Dr. Jan-Hendrik Heinrichs (Erfurt) - Curriculum Vitae
Gibt es anthropologische Grundlagen der Bioethik?

Abstract

Der Vortrag entwickelt ein systematisches Argument zum Verhältnis anthropologischer und bioethischer Theoriebildung. Er bewegt sich durchweg auf einer metatheoretischen Ebene, orientiert sich also an der Analyse der jeweiligen Disziplinen und ihrer Diskurse. Der Ertrag dieser metatheoretischen Diskussion ist für die jeweilige disziplinäre Theoriebildung insofern fruchtbar, als tatsächliche Abhängigkeiten zwischen den Diskursen offengelegt oder nur vermeintliche Abhängigkeiten aufgeklärt werden.

Die Argumentation baut auf der Feststellung auf, dass der Begriff „Anthropologische Grundlagen“ doppeldeutig ist.
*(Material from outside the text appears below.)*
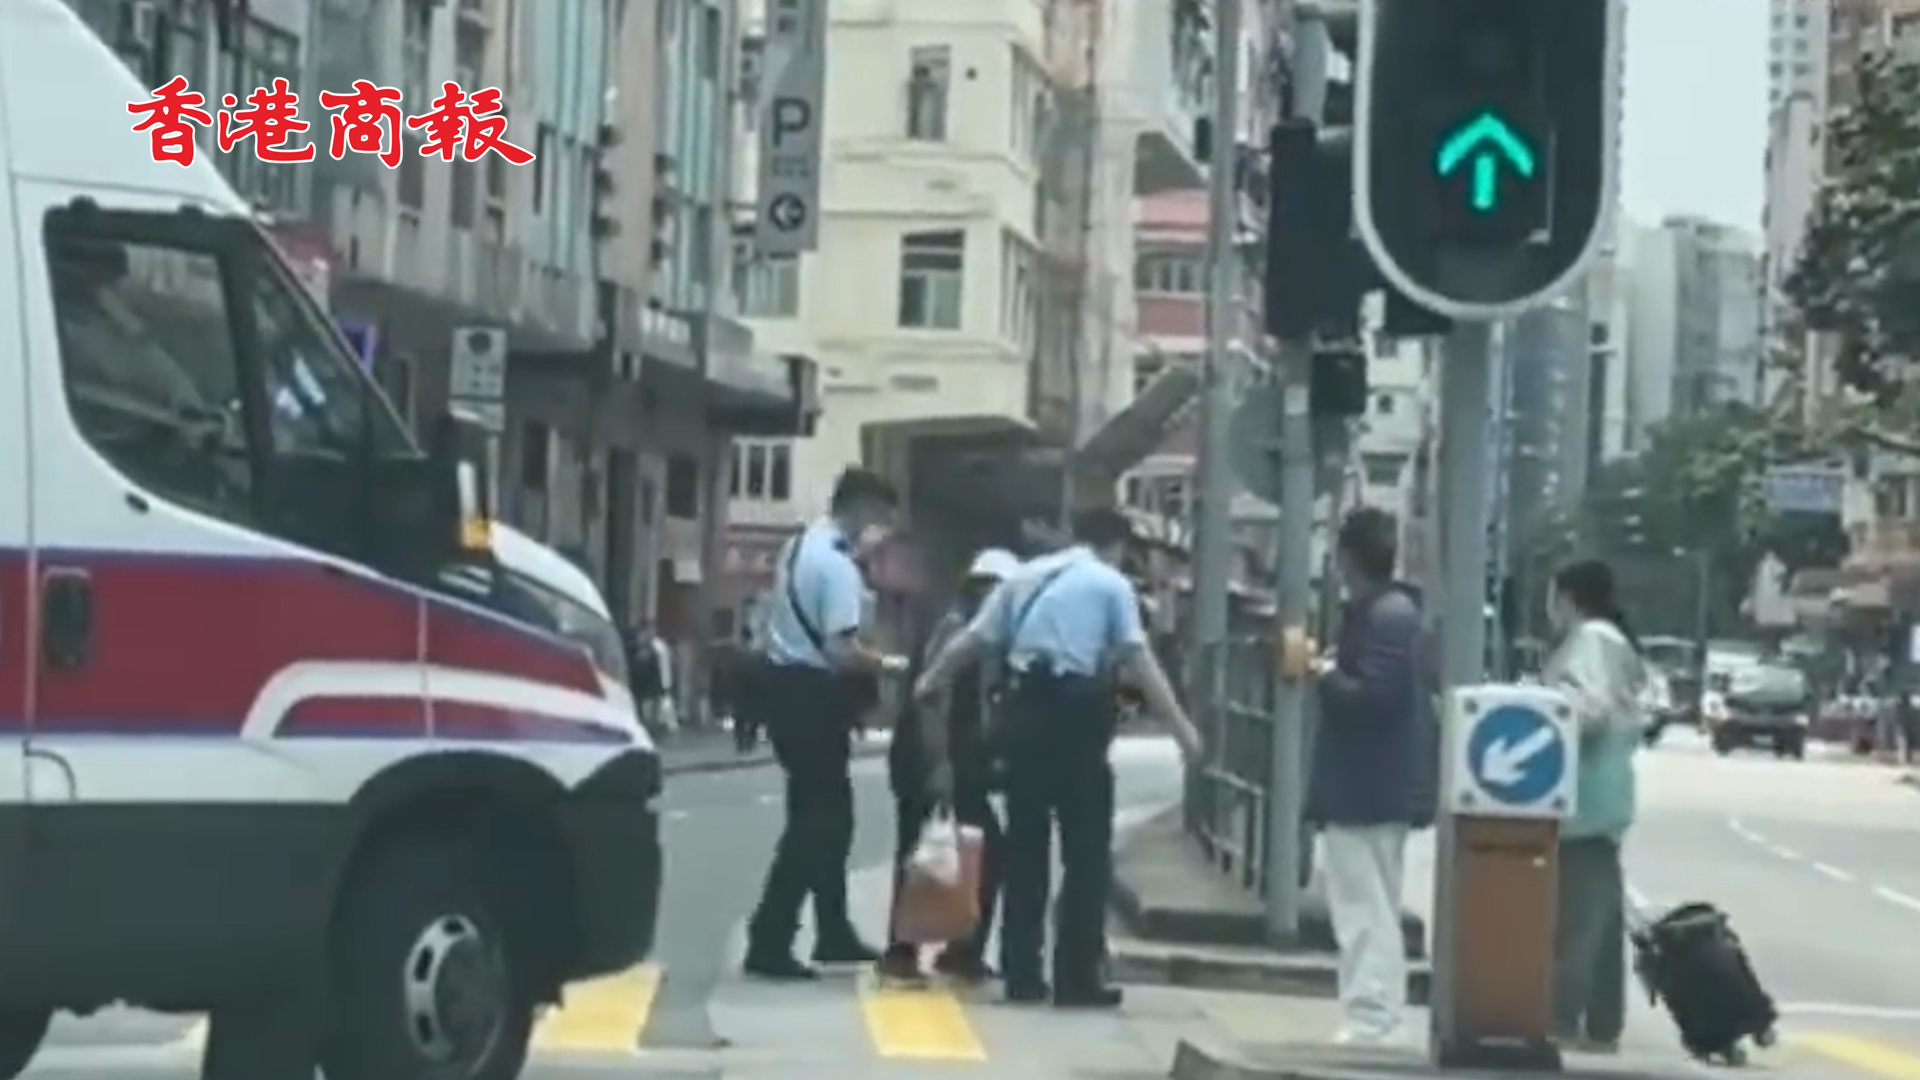 有片丨香港警察暖心下車攙扶老人過馬路 老人一度站在路上 險象環生

Einerseits bezieht man sich damit auf Eigenschaften und Fähigkeiten, die Individuen der Spezies Mensch meistens zukommen, und die in theoretischen Erwägungen über bioethische Fragen zu beachten sind. Andererseits bedeutet dieser Begriff auch eine allgemeine Theorie vom Menschen als Erkenntnis und Handlungssubjekt, deren Vorgaben in untergeordnete Theorien wie der Bioethik zu beachten seien.

Im ersten Sinne sind anthropologische Grundlagen der Bioethik deshalb unumgänglich, weil sie die Disziplin selbst individuieren. Bioethik ist keine bereichsindifferente ethische Theorie oder lediglich die Anwendung bereichsindifferenter ethischer Theorien. Vielmehr werden die Fragestellungen und damit zum Teil auch die disziplinären Grenzen der Bioethik durch die Thematisierung von primär biologischen Eigenschaften und Fähigkeiten des Menschen beeinflusst.

Als zentrale These des Vortrages wird gelten, dass es gemäß des zweiten Verständnisses keine anthropologischen Grundlagen der Bioethik gibt. Bestenfalls können anthropologische Aussagen dieses Typs als Teile der Bioethik auftreten, denen allerdings keine Grundlegungsfunktion zukommt.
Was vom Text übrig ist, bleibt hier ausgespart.